= Ocean reanalysis =

Reconstructing an historical ocean state

Ocean reanalysis is a method of combining historical ocean observations with a general ocean model (typically a computational model) driven by historical estimates of surface winds, heat, and freshwater, by way of a data assimilation algorithm to reconstruct historical changes in the state of the ocean.

Historical observations are sparse and insufficient for understanding the history of the ocean and its circulation. By utilizing data assimilation techniques in combination with advanced computational models of the global ocean, researchers are able to interpolate the historical observations to all points in the ocean. This process has an analog in the construction of atmospheric reanalysis and is closely related to ocean state estimation.

==Current projects==
A number of efforts have been initiated in recent years to apply data assimilation to estimate the physical state of the ocean, including temperature, salinity, currents, and sea level, in recent years. There are three alternative state estimation approaches. The first approach is used by the ‘no-model’ analyses, for which temperature or salinity observations update a first guess provided by climatological monthly estimates.

The second approach is that of the sequential data assimilation analyses, which move forward in time from a previous analysis using a numerical simulation of the evolving temperature and other variables produced by an ocean general circulation model. The simulation provides the first guess of the state of the ocean at the next analysis time, while corrections are made to this first guess based on observations of variables such as temperature, salinity, or sea level.

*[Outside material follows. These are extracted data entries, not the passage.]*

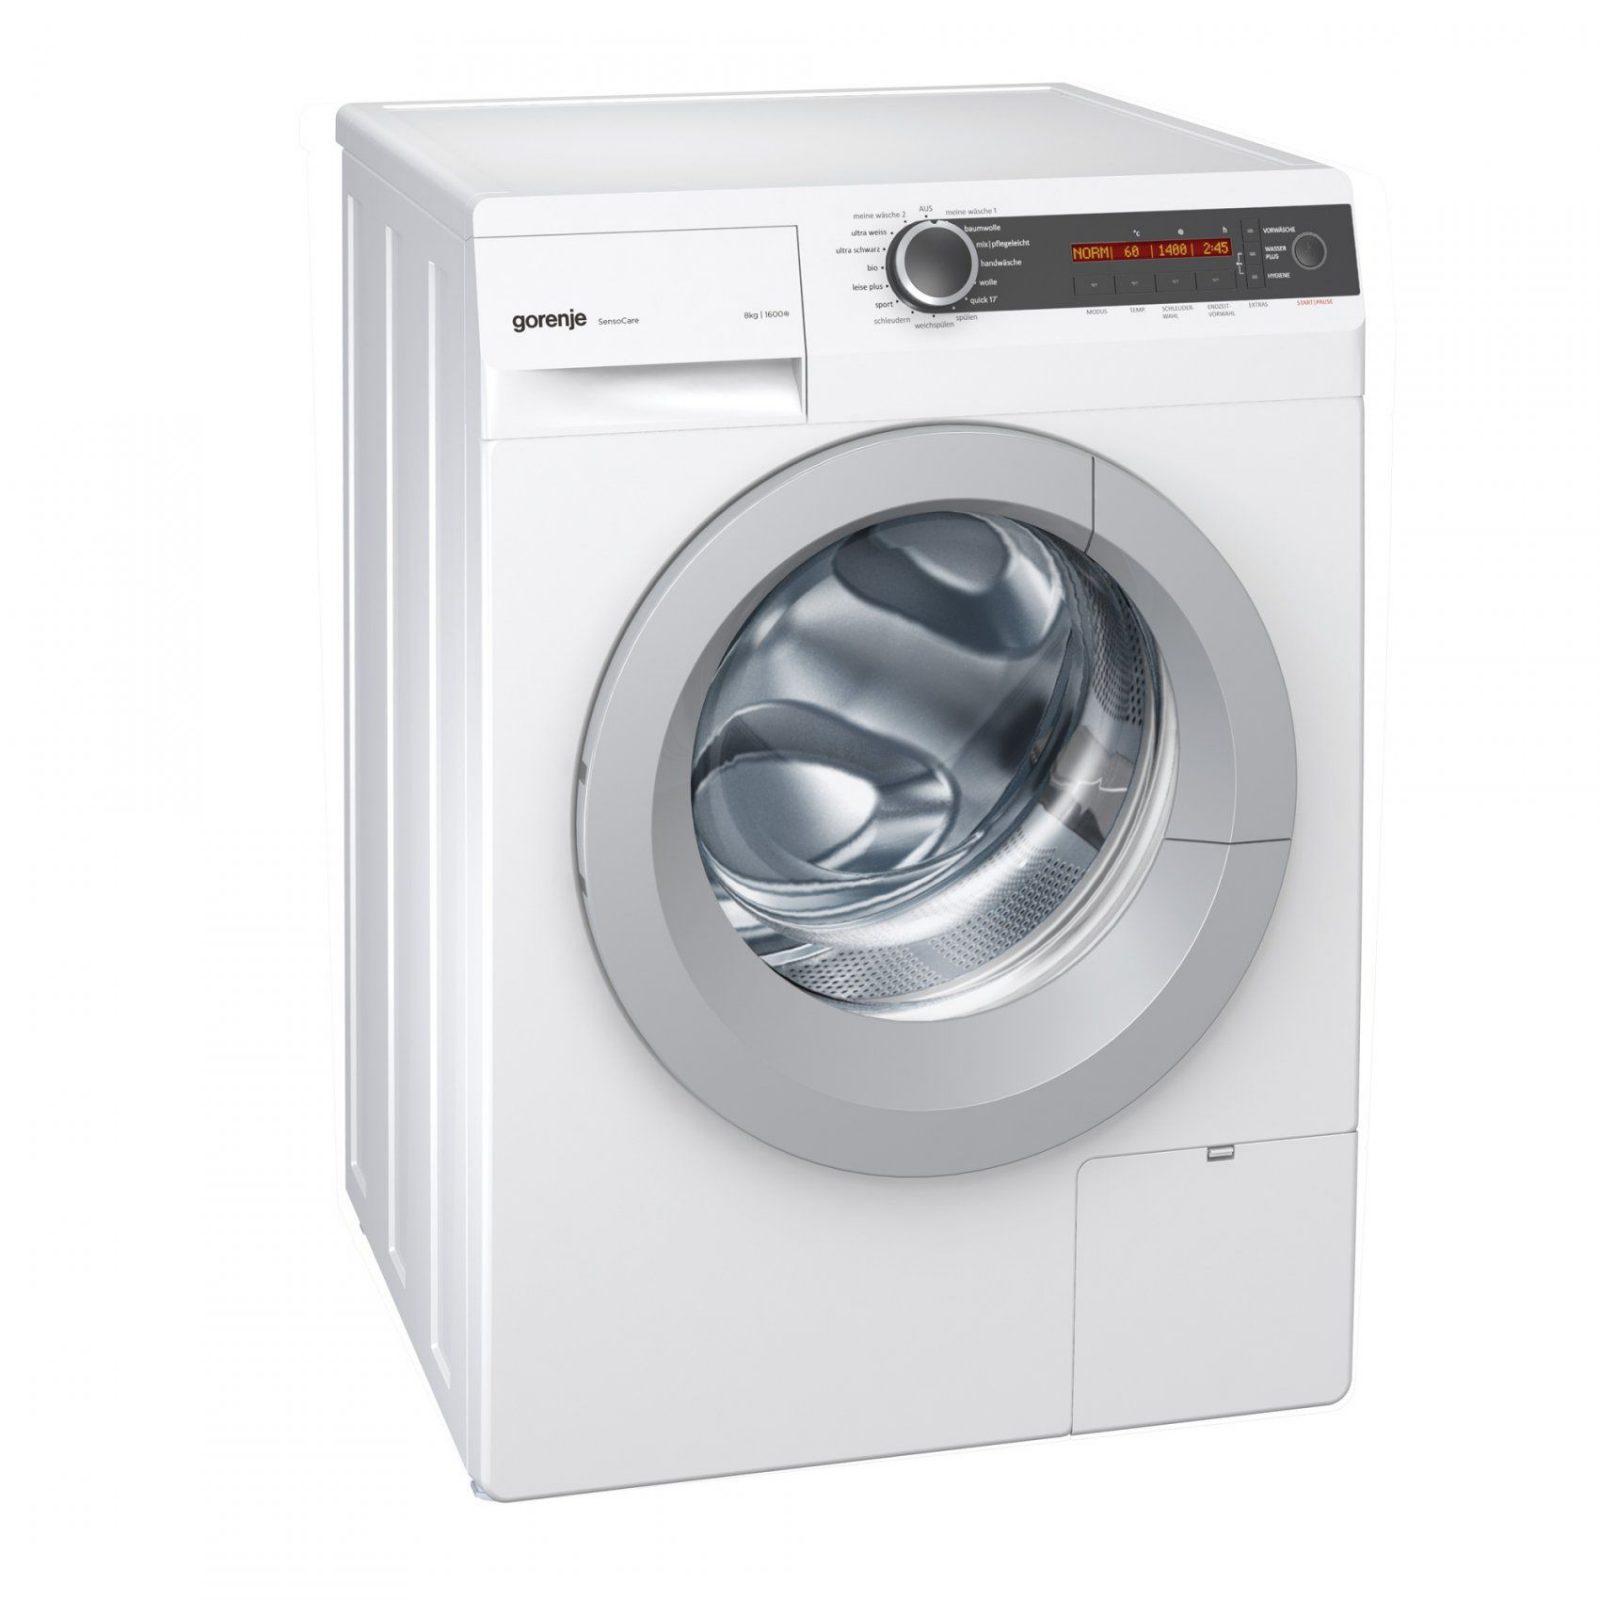 Intelligentes Waschen Und Trocknen – Sensationell Weiße Und Weiche von Gorenje W 6443 S Slim Bild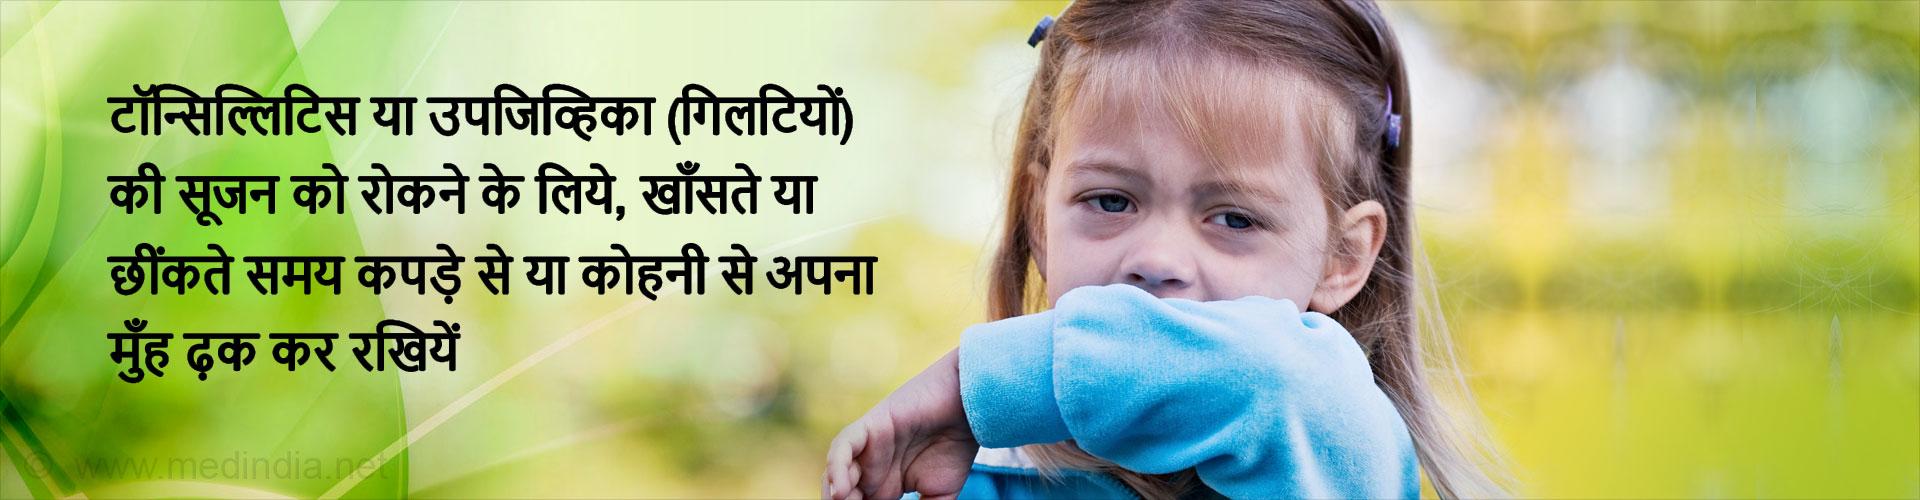 टॉन्सिल्लिटिस या उपजिव्हिका (गिलटियों) की सूजन को रोकने के लिये, खाँसते या छींकते समय कपड़े से या कोहनी से अपना मुँह ढ़क कर रखियें।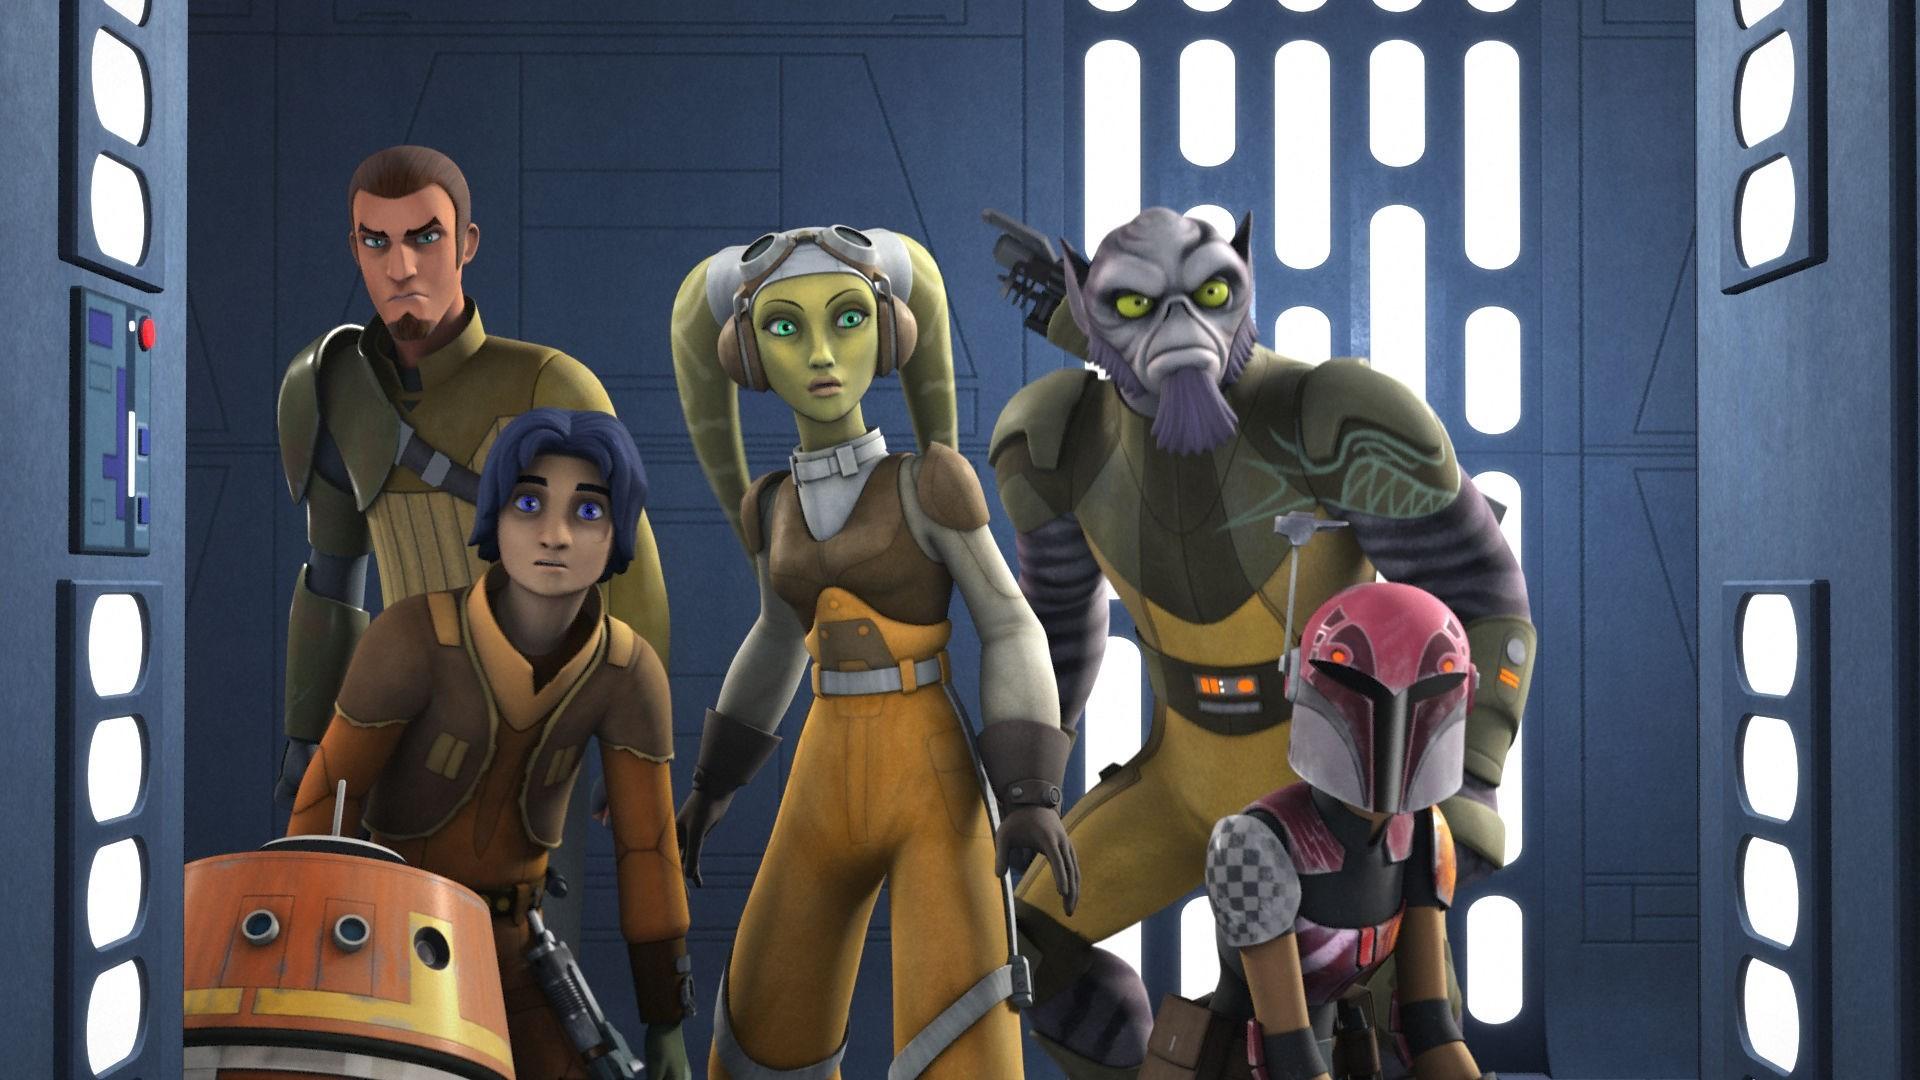 Desktop Background – star wars rebels

The third approach is 4D-Var, which in the implementation described uses the initial conditions and surface forcing as control variables to be modified in order to be consistent with the observations as well as a numerical representation of the equations of motion through iterative solution of a giant optimization problem.

==Methodologies==
===No-model approach===
ISHII and LEVITUS begin with a first guess of the climatological monthly upper-ocean temperature based on climatologies produced by the NOAA National Oceanographic Data Center. The innovations are mapped onto the analysis levels. ISHII uses and alternative 3DVAR approach to do an objective mapping with a smaller decorrelation scale in midlatitudes (300 km) that elongates in the zonal direction by a factor of 3 at equatorial latitudes. LEVITUS begins similarly to ISHII, but uses the technique of Cressman and Barnes with a homogeneous scale of 555 km to objectively map the temperature innovation onto a uniform grid.

===Sequential approaches===

The sequential approaches can be further divided into those using Optimal Interpolation and its more sophisticated cousin the Kalman Filter, and those using 3D-Var. Among those mentioned above, INGV and SODA use versions of Optimal Interpolation. CERFACS, GODAS, and GFDL all use 3DVar. "To date we are unaware of any attempt to use Kalman Filter for multi-decadal ocean reanalyses." The 4-Dimensional Local Ensemble Transform Kalman Filter (4D-LETKF) has been applied to the Geophysical Fluid Dynamics Laboratory's (GFDL) Modular Ocean Model (MOM2) for a 7-year ocean reanalysis from January 1997 – 2004.

===Variational (4D-Var) approach===
The leading 4D-Var approach, ECCO, applies dynamical consistency through a decadal assimilation window and uses a suite of in situ and remote sensed observations.

This resulted in a collaborative effort, GECCO, which also applies 4D-Var to the decadal ocean estimation problem. This approach faces daunting computational challenges, but provides some interesting benefits including satisfying some conservation laws and the construction of the ocean model adjoint.